English & Literature: Instructor
Office: L-301S on the Mount Vernon campus
Phone: (360) 416.7696
My academic background is in anthropology and English/creative writing/Native American literature. I love languages and have studied many, including Navajo, Puget Salish (Lushootseed) and Chinese Mandarin. My courses are typically theme-based, often on the Salilsh Sea Bioregion and Native American case studies. I'm a strong advocate for experiential learning and field study; thus many of my classes will offer field trips; I was the executive editor for the Journal of Experiential Education (1992-97). Please contact me if you have any questions: email@example.com; 360.416.7696.
Curently I am off campus and will return on September 14, 2018.

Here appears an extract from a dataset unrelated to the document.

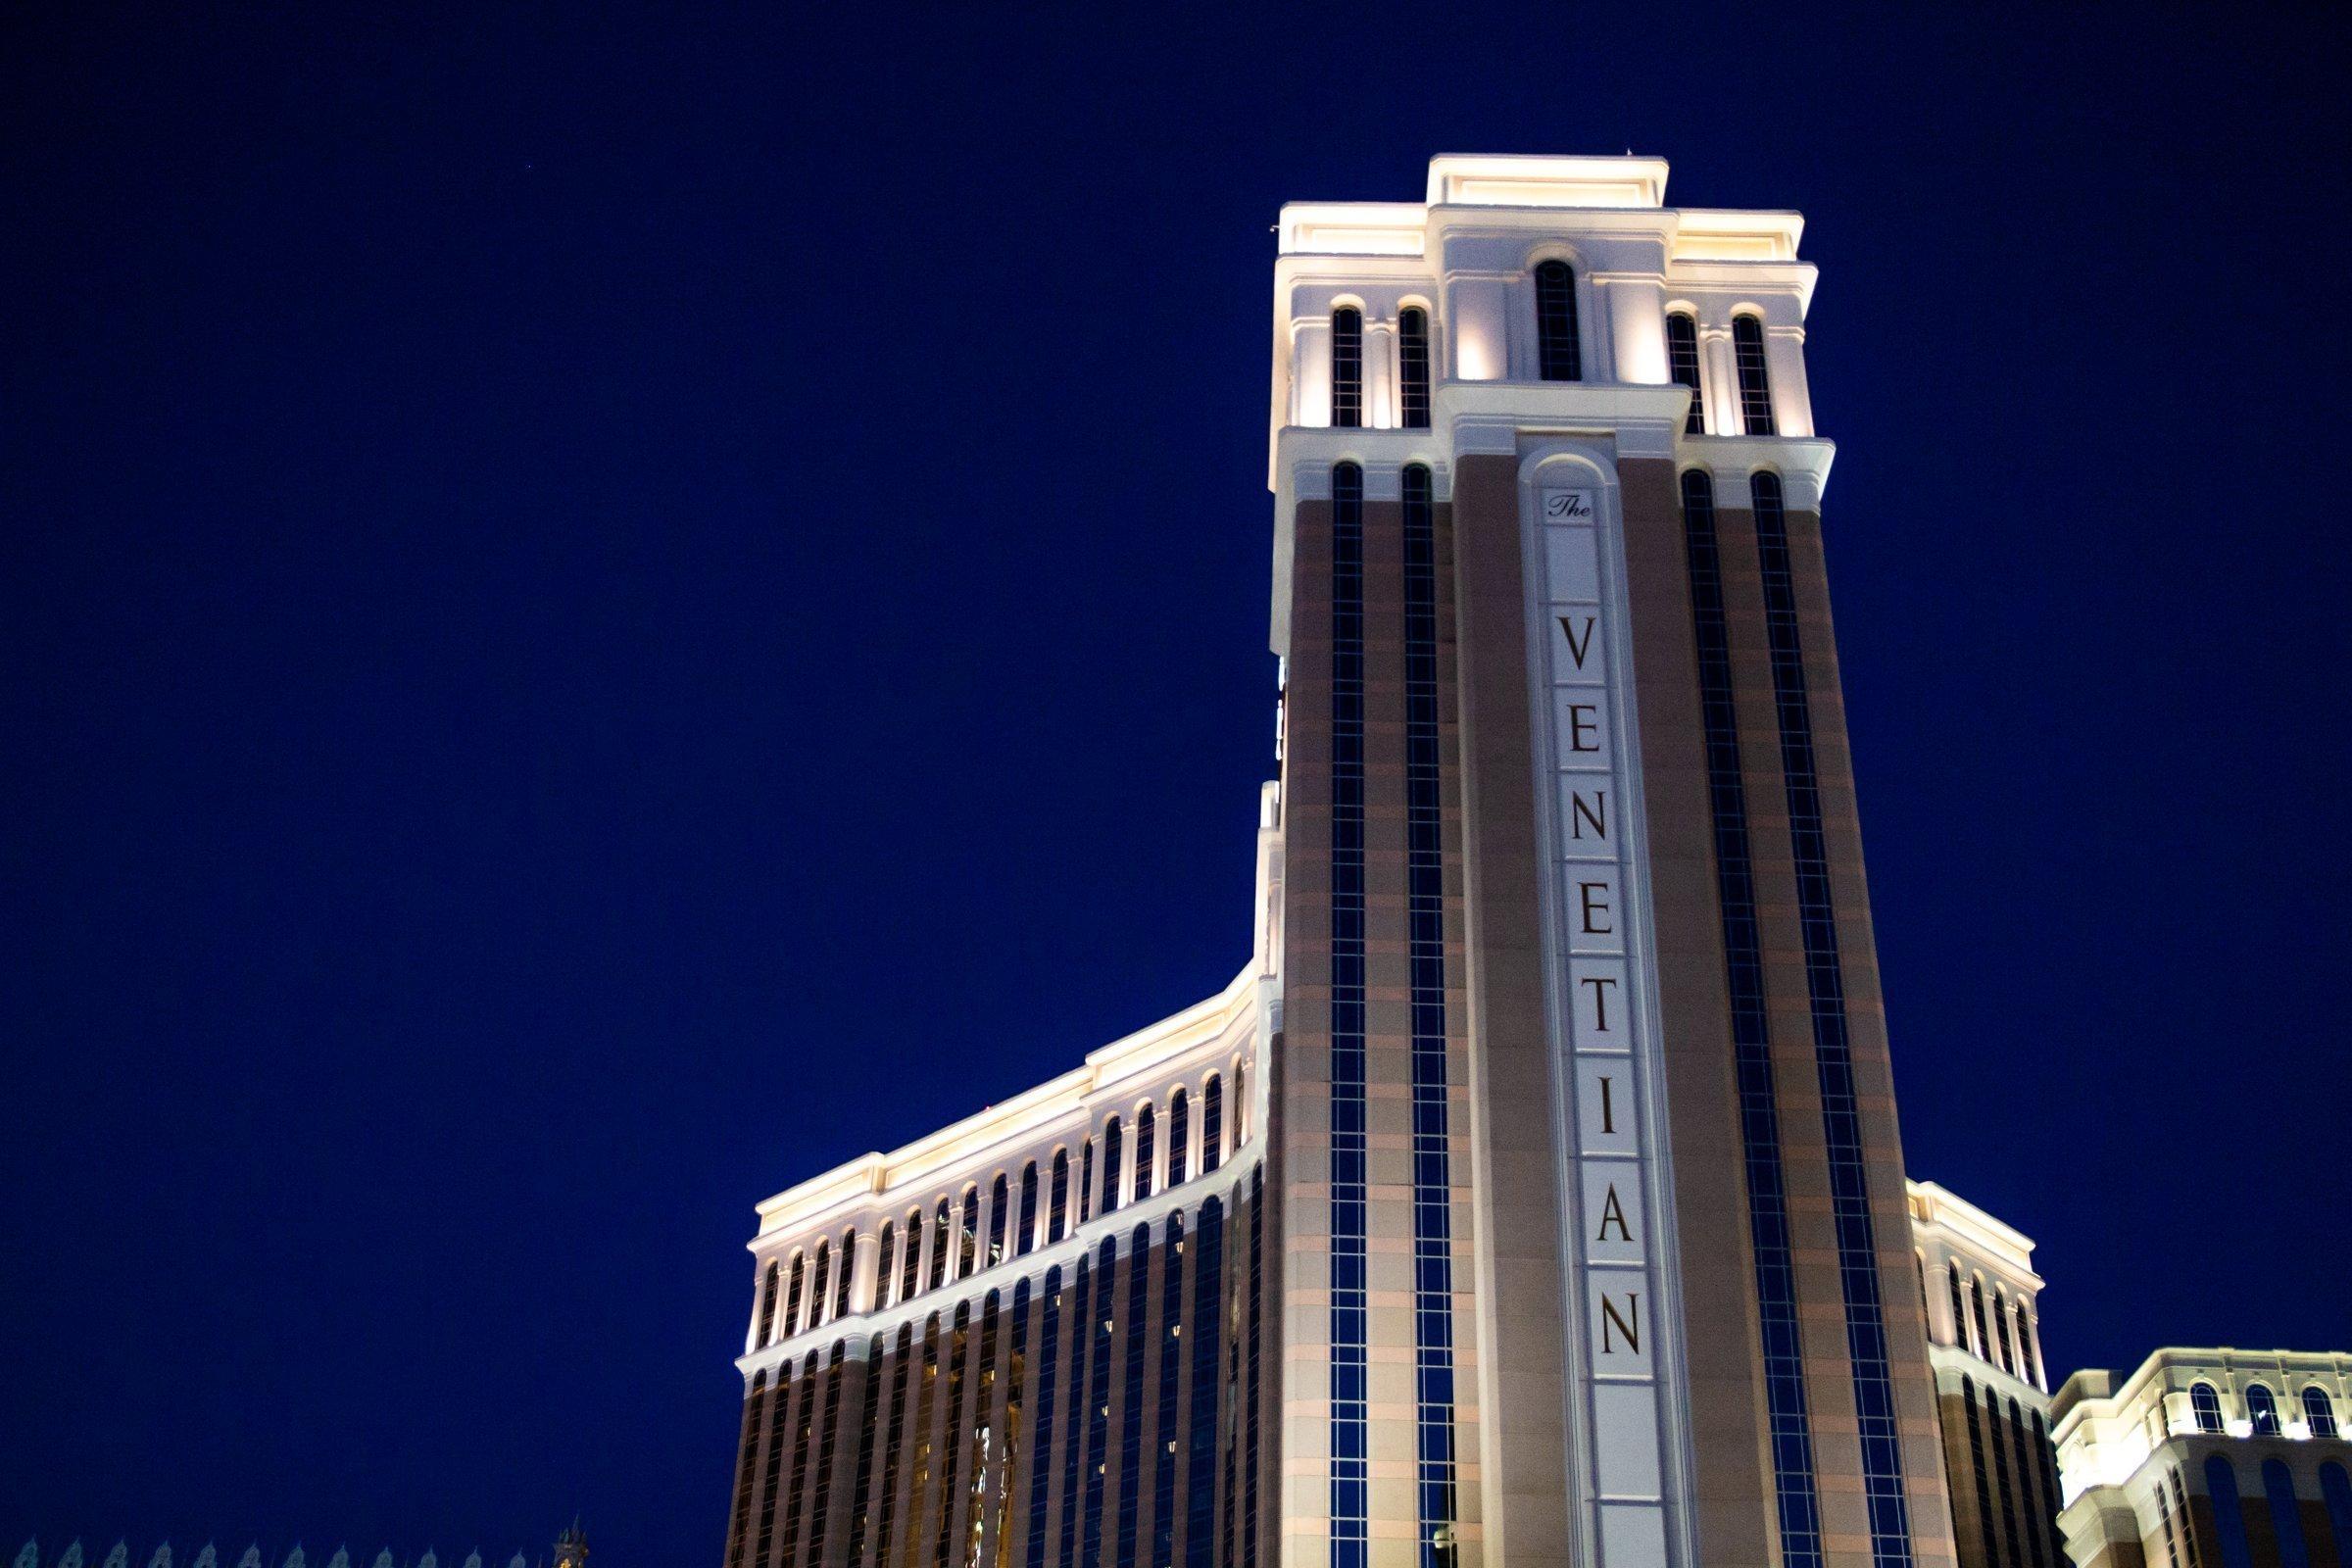 Illuminated The Venetian Hotel At Night

The focus for this online class will be Salilsh Art of the Pacific Northwest Course. We have two textbooks: S’abadeb The Gifts: Pacific Coast Salish Art and Artists—Barbara Brotherton, editor (Seattle Art Museum, 2008); and Quick Access Brief: Reference for Writers 3rdedition—Lynn Troyka & Douglas Hesse (Pearson Publishers, 2015).
This is an online research class focusing on justice and equity issues. Our first reading examines the use of Indian mascots by K-12, college, and professional sport teams. The only textbook you'll need is The Bedford Researcher, 5th or later edition, by Mike Palmquist, Bedford/St. Martin. All other required readings will be posted on the Canvas site for our class.
This class examines the exploration, settlement and development of the Pacific Northwest with an emphasis on the state of Washington. This is a hybrid class; we meet from 8:30 - 9:20 M-Th in Lewis 227 and Fridays online using Canvas. There are two textbooks for the class: Archeology of Washington — Ruth Kirk & Richard Daughtery, UW Press, 2007; and Contested Boundaries: A New Pacific Northwest History—David Jepson & David Norberg, Wiley-Blackwell Press, 2017.